Here's a sample pre-built index on TREC Disks 4 & 5 to play with (used in the TREC 2004 Robust Track):

wget https://git.uwaterloo.ca/jimmylin/anserini-indexes/raw/master/index-robust04-20191213.tar.gz
tar xvfz index-robust04-20191213.tar.gz -C indexes
rm index-robust04-20191213.tar.gz

Use the SimpleSearcher for searching:

from pyserini.search import pysearch

searcher = pysearch.SimpleSearcher('indexes/index-robust04-20191213/')
hits = searcher.search('hubble space telescope')

# Print the first 10 hits:
for i in range(0, 10):
    print(f'{i+1:2} {hits[i].docid:15} {hits[i].score:.5f}')

The results should be as follows:

 1 LA071090-0047   16.85690
 2 FT934-5418      16.75630
 3 FT921-7107      16.68290
 4 LA052890-0021   16.37390
 5 LA070990-0052   16.36460
 6 LA062990-0180   16.19260
 7 LA070890-0154   16.15610
 8 FT934-2516      16.08950
 9 LA041090-0148   16.08810
10 FT944-128       16.01920

To further examine the results:

# Grab the raw text:
hits[0].raw

# Grab the raw Lucene Document:
hits[0].lucene_document

Configure BM25 parameters and use RM3 query expansion:

searcher.set_bm25(0.9, 0.4)
searcher.set_rm3(10, 10, 0.5)

hits2 = searcher.search('hubble space telescope')

# Print the first 10 hits:
for i in range(0, 10):
    print(f'{i+1:2} {hits2[i].docid:15} {hits2[i].score:.5f}')

Usage of the Analyzer API

Pyserini exposes Lucene Analyzers in Python with the Analyzer class. Below is a demonstration of these functionalities:

from pyserini.analysis import pyanalysis

# Default analyzer for English uses the Porter stemmer:
analyzer = pyanalysis.Analyzer(pyanalysis.get_lucene_analyzer())
tokens = analyzer.analyze('City buses are running on time.')
print(tokens)
# Result is ['citi', 'buse', 'run', 'time']

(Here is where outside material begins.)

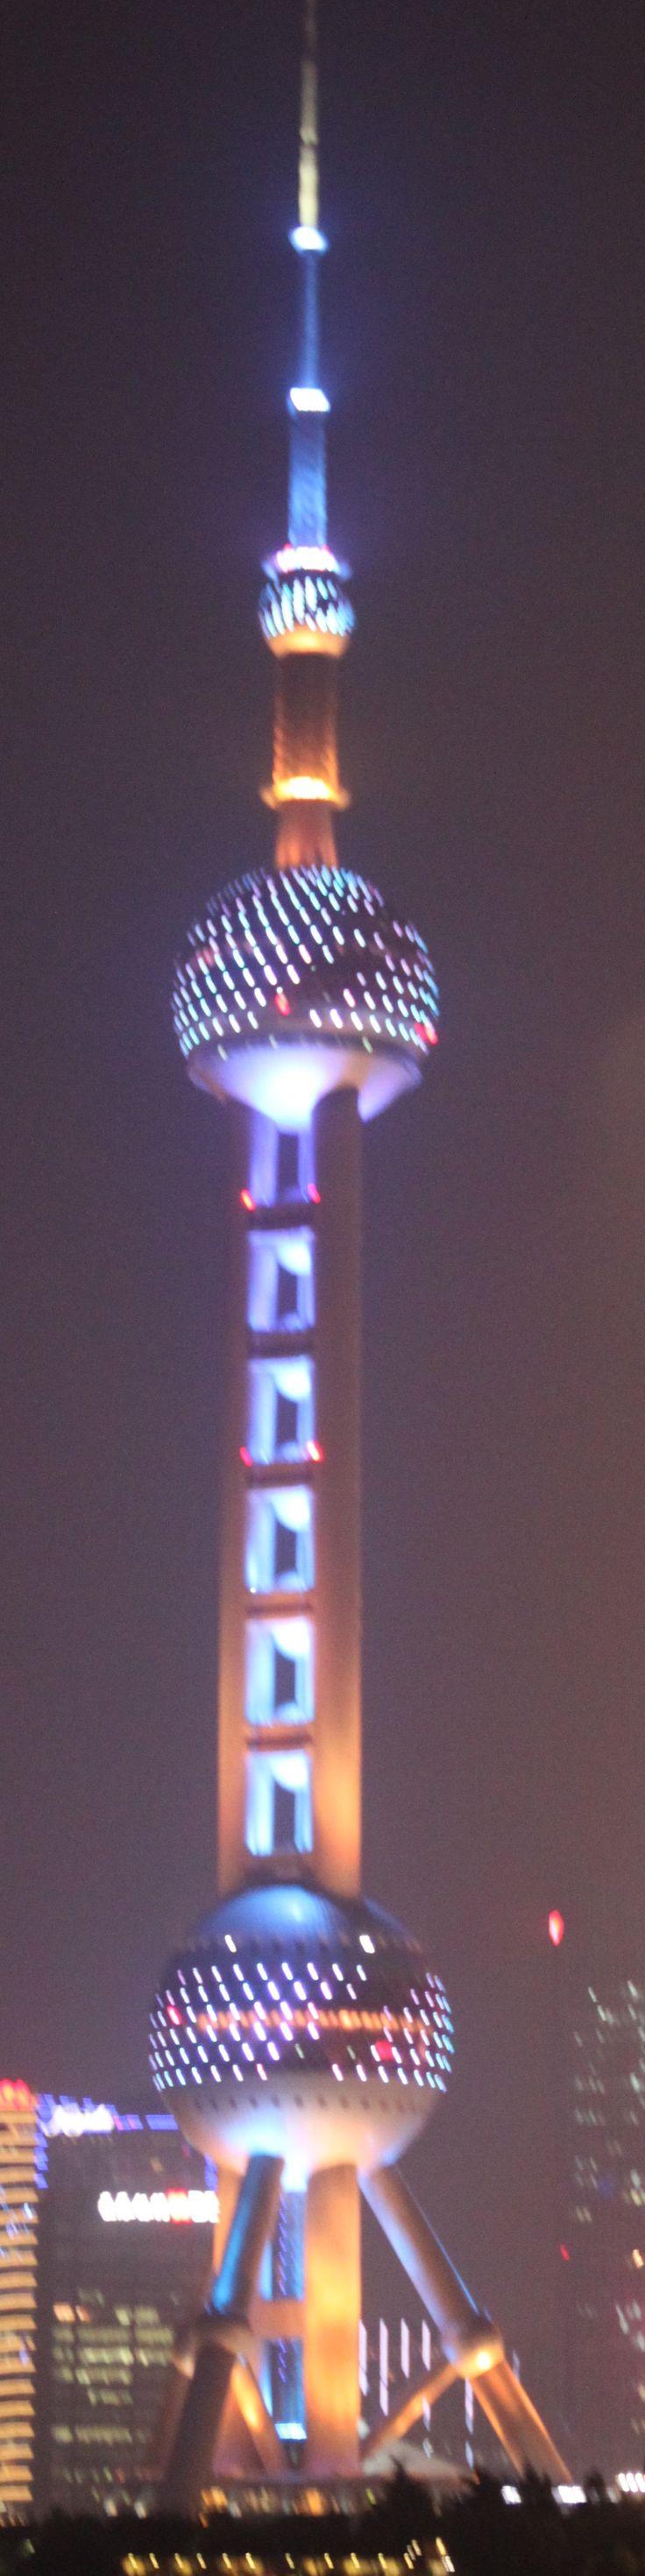 Night lights on the Bund,Pearl Tower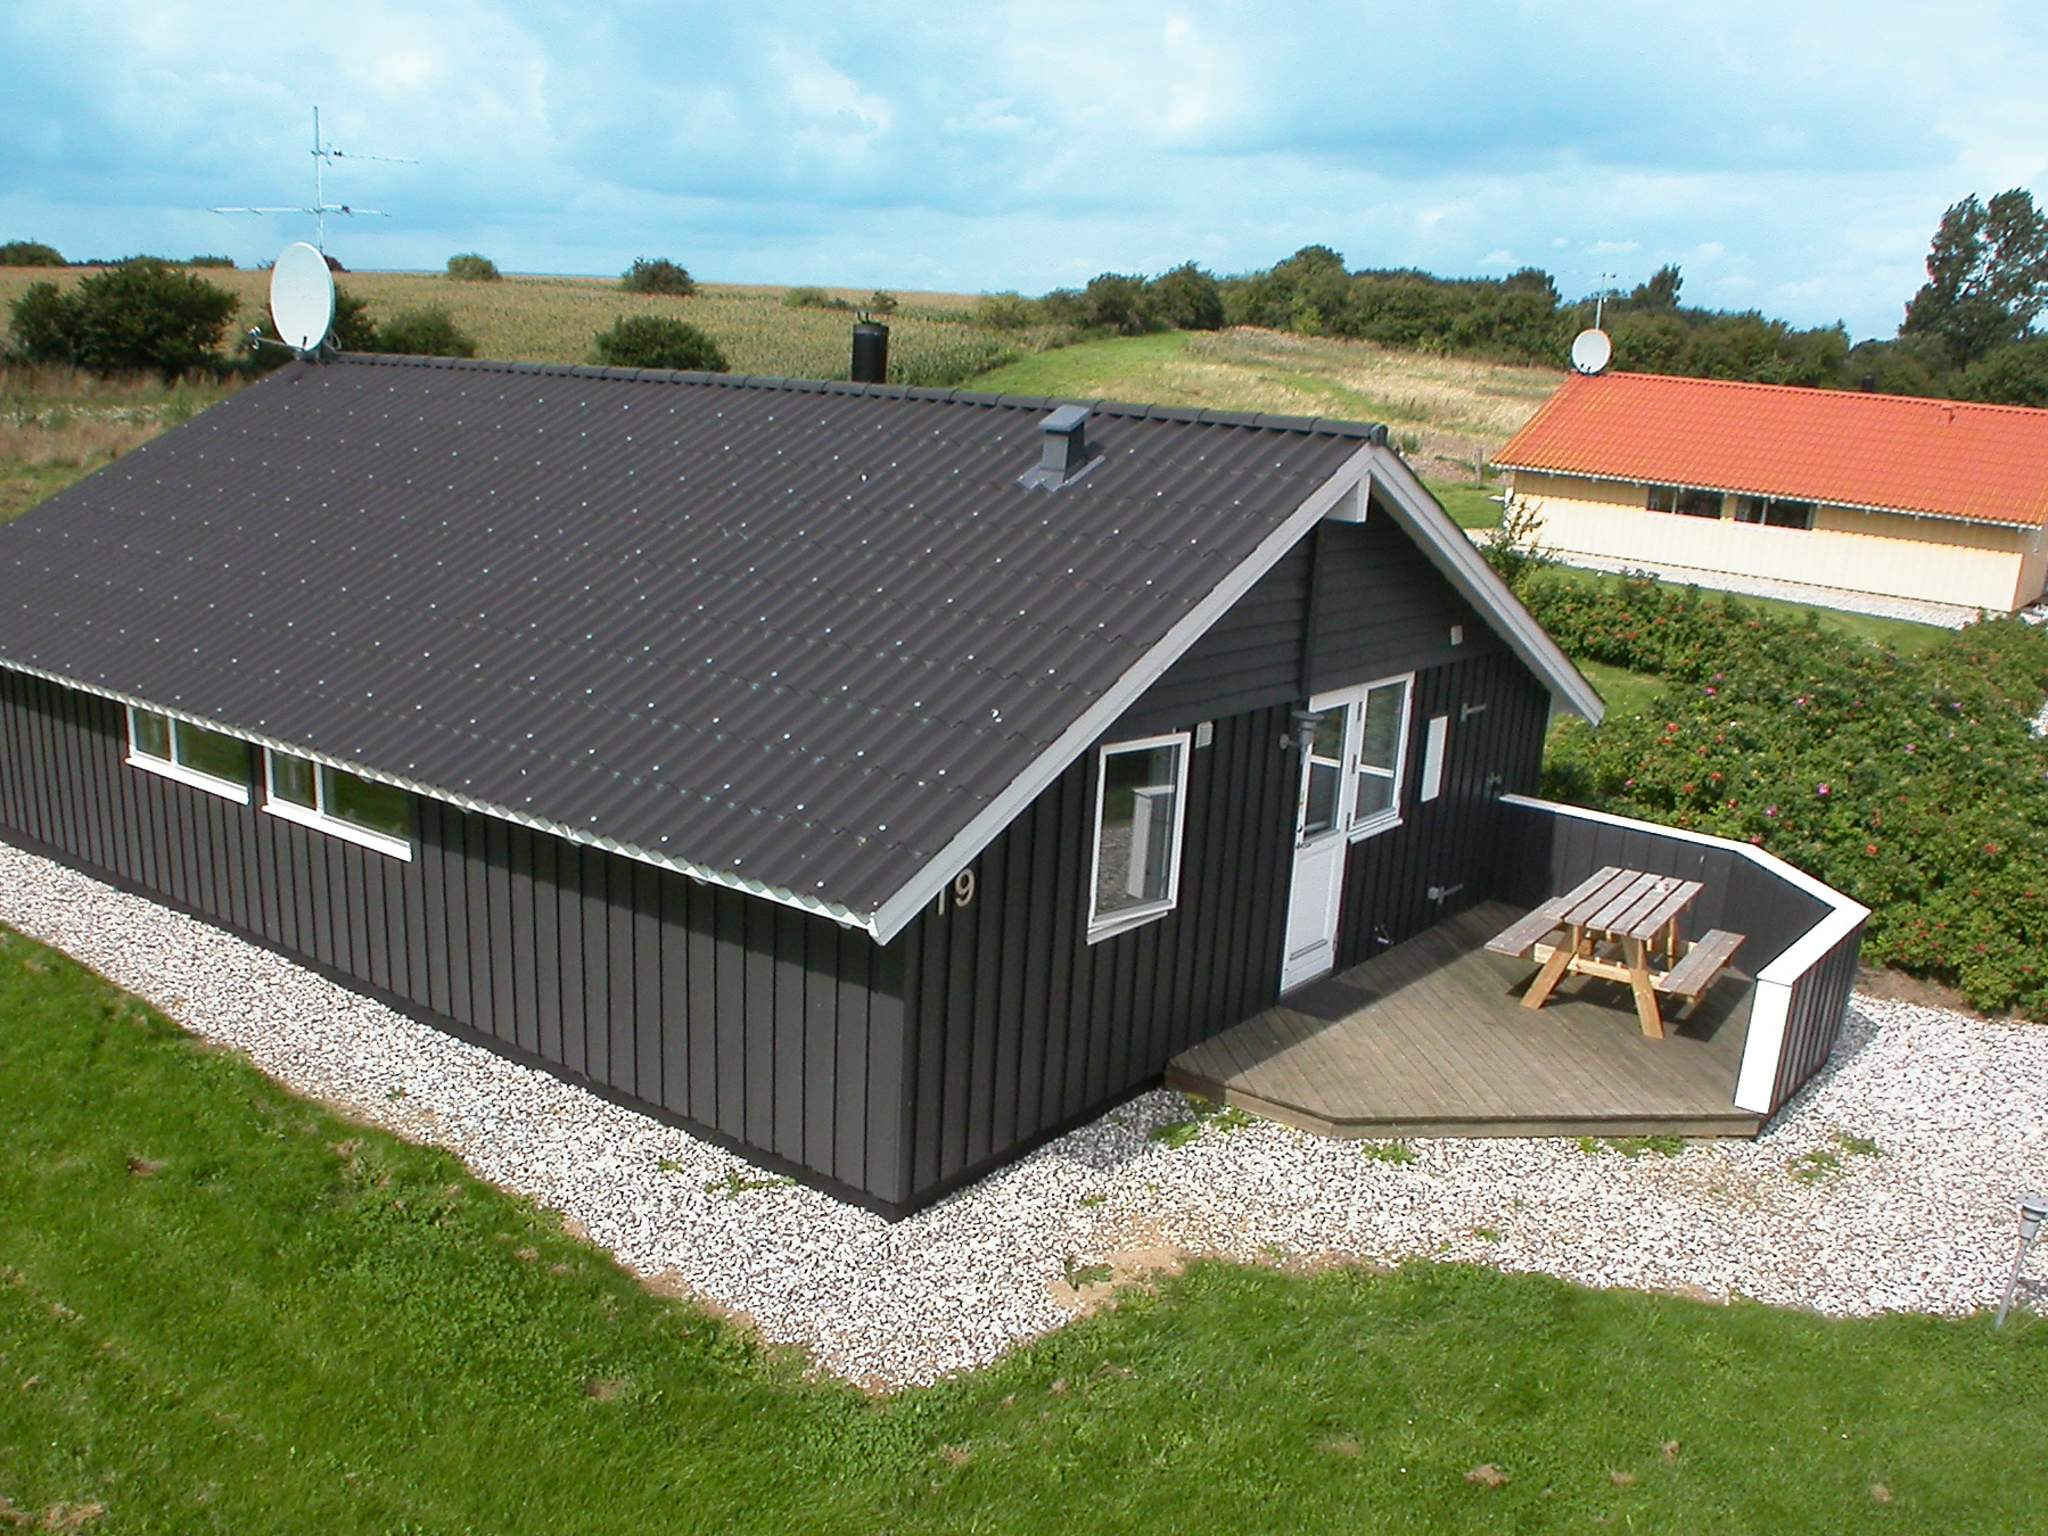 Ferienhaus Mørkholt (82537), Mørkholt, , Ostjütland, Dänemark, Bild 1

# We can explicitly specify the Porter stemmer as follows:
analyzer = pyanalysis.Analyzer(pyanalysis.get_lucene_analyzer(stemmer='porter'))
tokens = analyzer.analyze('City buses are running on time.')
print(tokens)
# Result is same as above.

# We can explicitly specify the Krovetz stemmer as follows:
analyzer = pyanalysis.Analyzer(pyanalysis.get_lucene_analyzer(stemmer='krovetz'))
tokens = analyzer.analyze('City buses are running on time.')
print(tokens)
# Result is ['city', 'bus', 'running', 'time']

# Create an analyzer that doesn't stem, simply tokenizes:
analyzer = pyanalysis.Analyzer(pyanalysis.get_lucene_analyzer(stemming=False))
tokens = analyzer.analyze('City buses are running on time.')
print(tokens)
# Result is ['city', 'buses', 'running', 'time']

Usage of the Query Builder API

The pyquerybuilder provides functionality to construct Lucene queries through Pyserini. These queries can be directly issued through the SimpleSearcher. Instead of issuing the query hubble space telescope directly, we can also construct the same exact query manually as follows:

from pyserini.search import pyquerybuilder

# First, create term queries for each individual query term:
term1 = pyquerybuilder.get_term_query('hubble')
term2 = pyquerybuilder.get_term_query('space')
term3 = pyquerybuilder.get_term_query('telescope')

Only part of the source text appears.